The [address your] question about what patients can do to protect the privacy of their own data is [they need to be] fully informed. [We need] to ensure that when [a patient] is facing the option of a whole genome sequence being run, [they] actually know what's going to happen, ask who's going to have access to this data for what purposes and [ask] how much control, if any, they would have over what's going to happen with the data in the future - where the data will be stored, who will have access and for what purposes. There are a couple of very concrete things providers, healthcare organizations, as well as individuals, could do right now.
MCGEE: Insurers can't discriminate, can they? If someone has a bio-marker for some tendency to develop an illness, can they prevent coverage?
LEE: GINA, the Genetic Information Nondiscrimination Act, does protect people who have a genetic predisposition for something. ... It's a non-discrimination law, so it will protect people who are known to have a predisposition from employment and other kinds of discrimination. ... There are some gaps in the legislation and there are people who are very interested in having those gaps closed. However, there's some protection for folks. ...

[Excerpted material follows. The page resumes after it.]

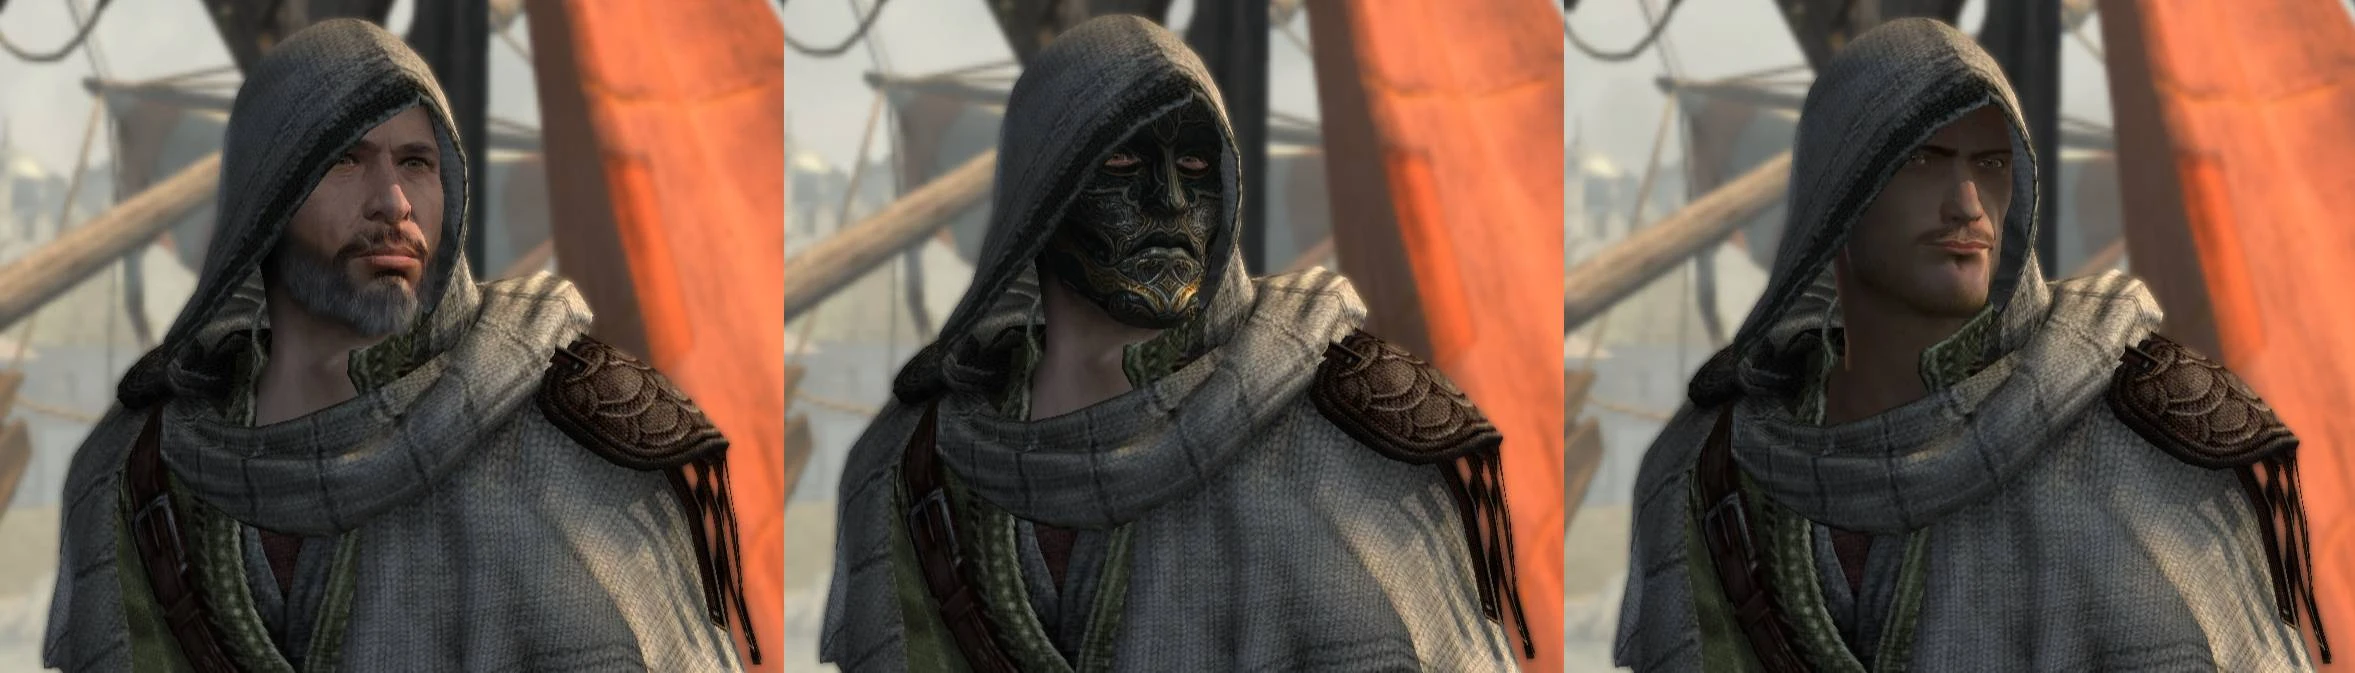 Assassin's Creed Revelations Walkthrough Part 25 - The Sentinel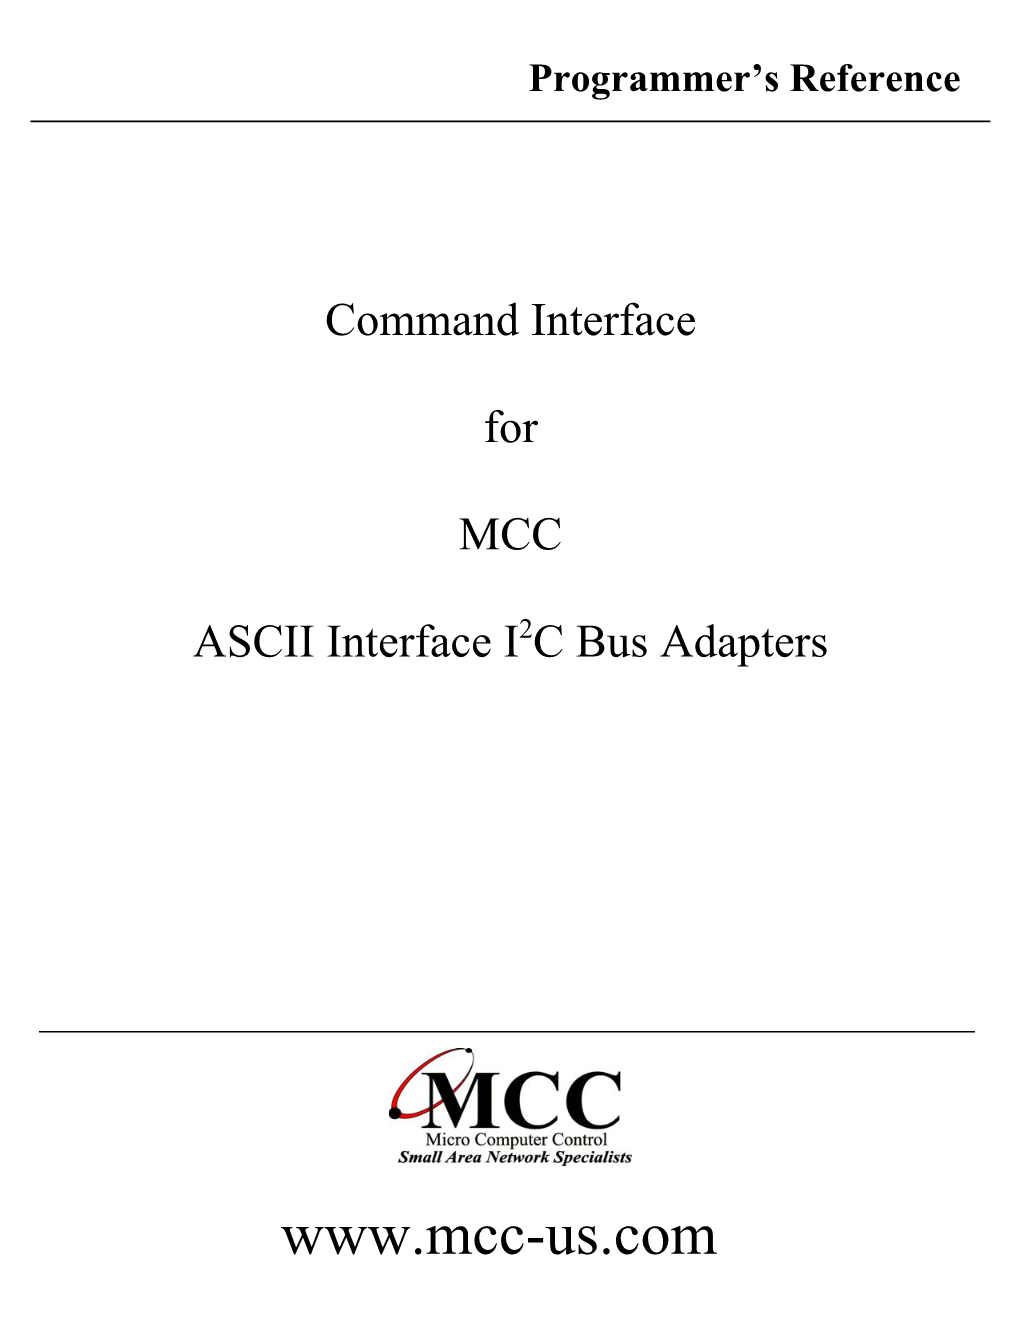 ASCII Command Interface Programmer's Guide

There's another thing that I think is an important point, given the patchwork of federal and state governance and protections. One of the most important recommendations of the commission, specifically, was to urge federal and state governments to develop a process to ensure that there's a consistent floor of protections covering whole genome sequencing data, regardless of how they were obtained. As we discussed when we talked about what were the key recommendations and what the consequences are for patients, given that policies and laws are variable across states, [we need to] get the states and the federal government together and think about what kind of consistent floor of protections would cover these data, regardless of who obtained them and regardless of where a person resides.